AgentKit provides an integrated suite that lets developers create, manage, and improve AI agents without juggling disconnected tools.
Agent Builder – visual workflow designer
Agent Builder offers a drag‑and‑drop canvas where teams can map out multi‑agent logic, add guardrails, and version each iteration. The interface promotes rapid prototyping and clear communication across product, legal, and engineering groups.
- Canvas supports nodes for tool calls, conditionals, and loop constructs.
- Built‑in preview runs let you test a workflow instantly.
- Full version history enables safe rollback and A/B testing.
- Template library accelerates common patterns such as support bots and research assistants.
- Integrates with large language models via the Responses API.
Connector Registry – centralized data and tool management
The Connector Registry aggregates external services into a single admin panel, allowing administrators to control access and configure connections for all agents in an organization.

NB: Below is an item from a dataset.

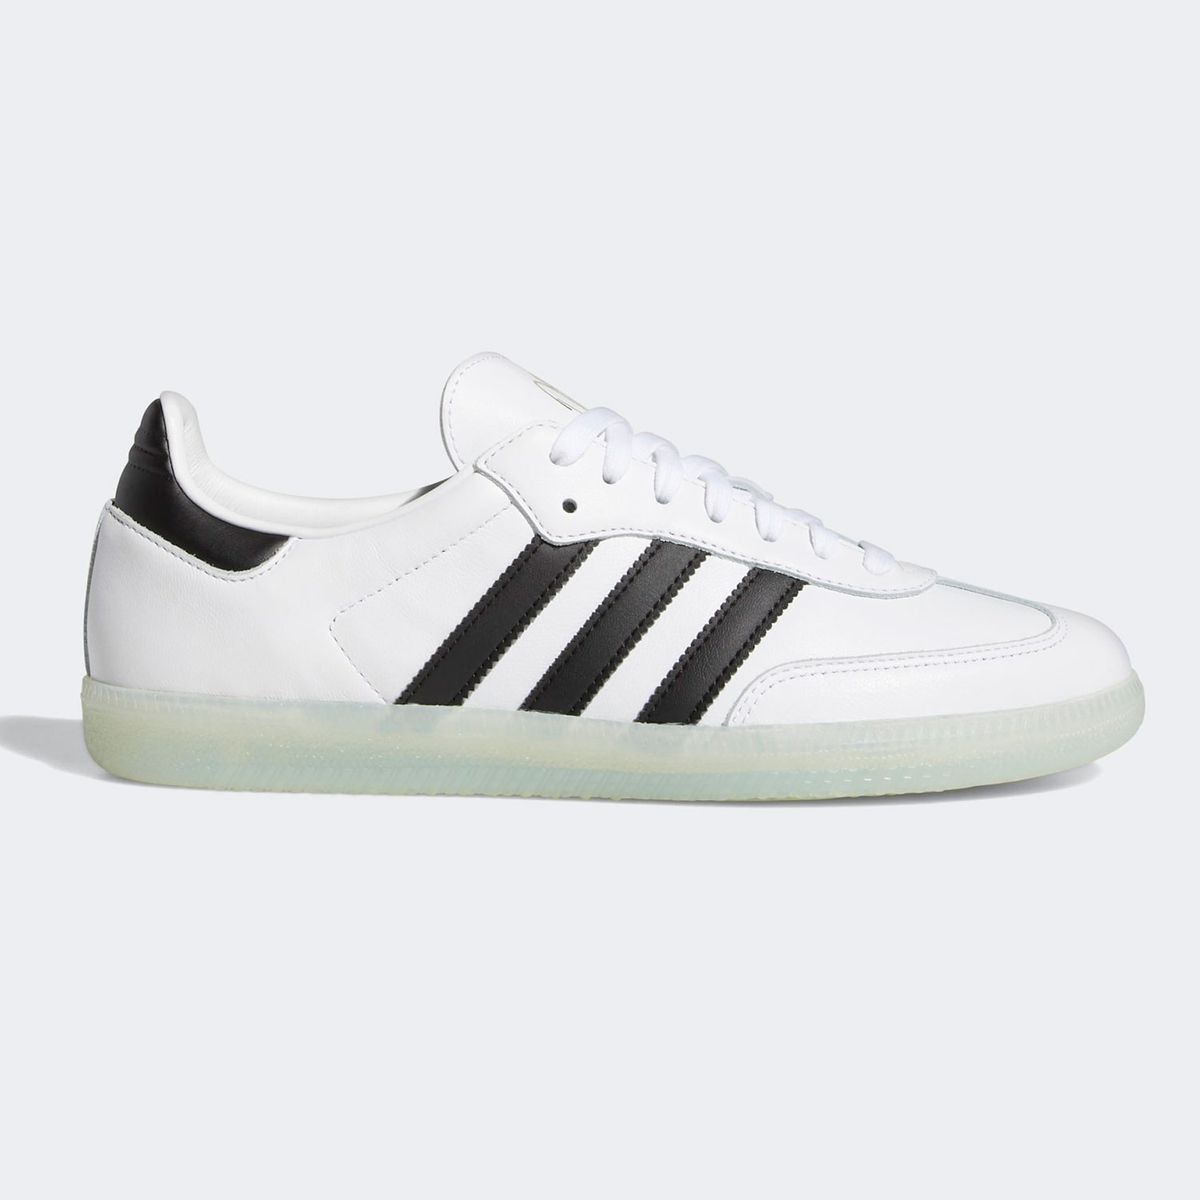 Adidas Samba sneakers
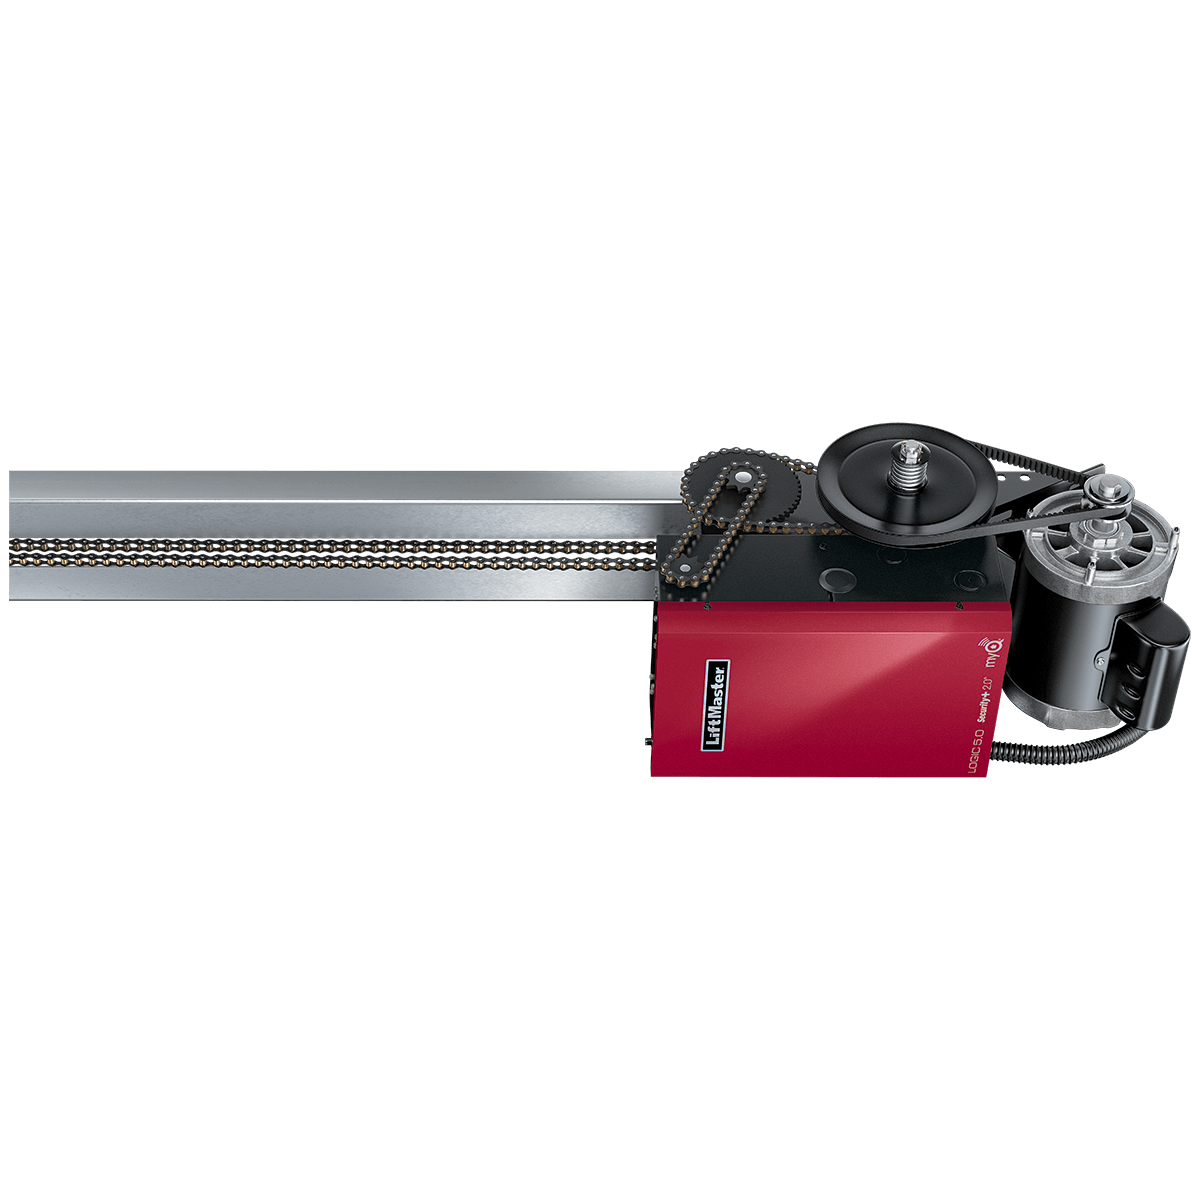 LiftMaster Heavy Industrial-Duty Slide Operator | Amelia Overhead Doors

- Pre‑built connectors for Dropbox, Google Drive, SharePoint, Microsoft Teams, and more.
- Custom connector framework supports third‑party MCPs.
- Global Admin Console governs domains, SSO, and multi‑org API keys.
- Guardrails can be attached at the connector level to mask PII or block jailbreak attempts.
- Works within Choosing the right AI model guidelines.
ChatKit – embedable chat‑based agent UI
ChatKit reduces the effort required to integrate conversational agents into web or mobile products, handling streaming responses, thread management, and UI theming.
- SDKs for JavaScript and React simplify embedding.
- Customizable themes align the chat appearance with brand guidelines.
- Supports real‑time “thinking” indicators to improve user trust.
- Built‑in analytics capture interaction metrics.
- Compatible with cloud computing architecture for scalable deployments.
Evals Enhancements – measuring and improving agent performance
New eval capabilities let developers create datasets, run trace grading, automate prompt refinement, and benchmark third‑party models, all from a single interface.
- Dataset creator with automatic grader attachment.
- Trace grading visualizes end‑to‑end workflow execution.
- Prompt optimizer generates higher‑quality prompts based on human feedback.
- Third‑party model support expands evaluation beyond OpenAI offerings.
- Integrated with secure development environments best practices.
Reinforcement Fine‑Tuning – custom reasoning for specific tasks
Reinforcement fine‑tuning (RFT) allows teams to adapt reasoning models to call the right tools at the right moment and to enforce custom success criteria.
- Custom tool‑call training improves workflow efficiency.
- Custom graders let you define task‑specific evaluation metrics.
- Available on o4‑mini and in private beta for GPT‑5.
- Beta feedback loop informs future model releases.
- Works in conjunction with Agent Builder guardrails for safe operation.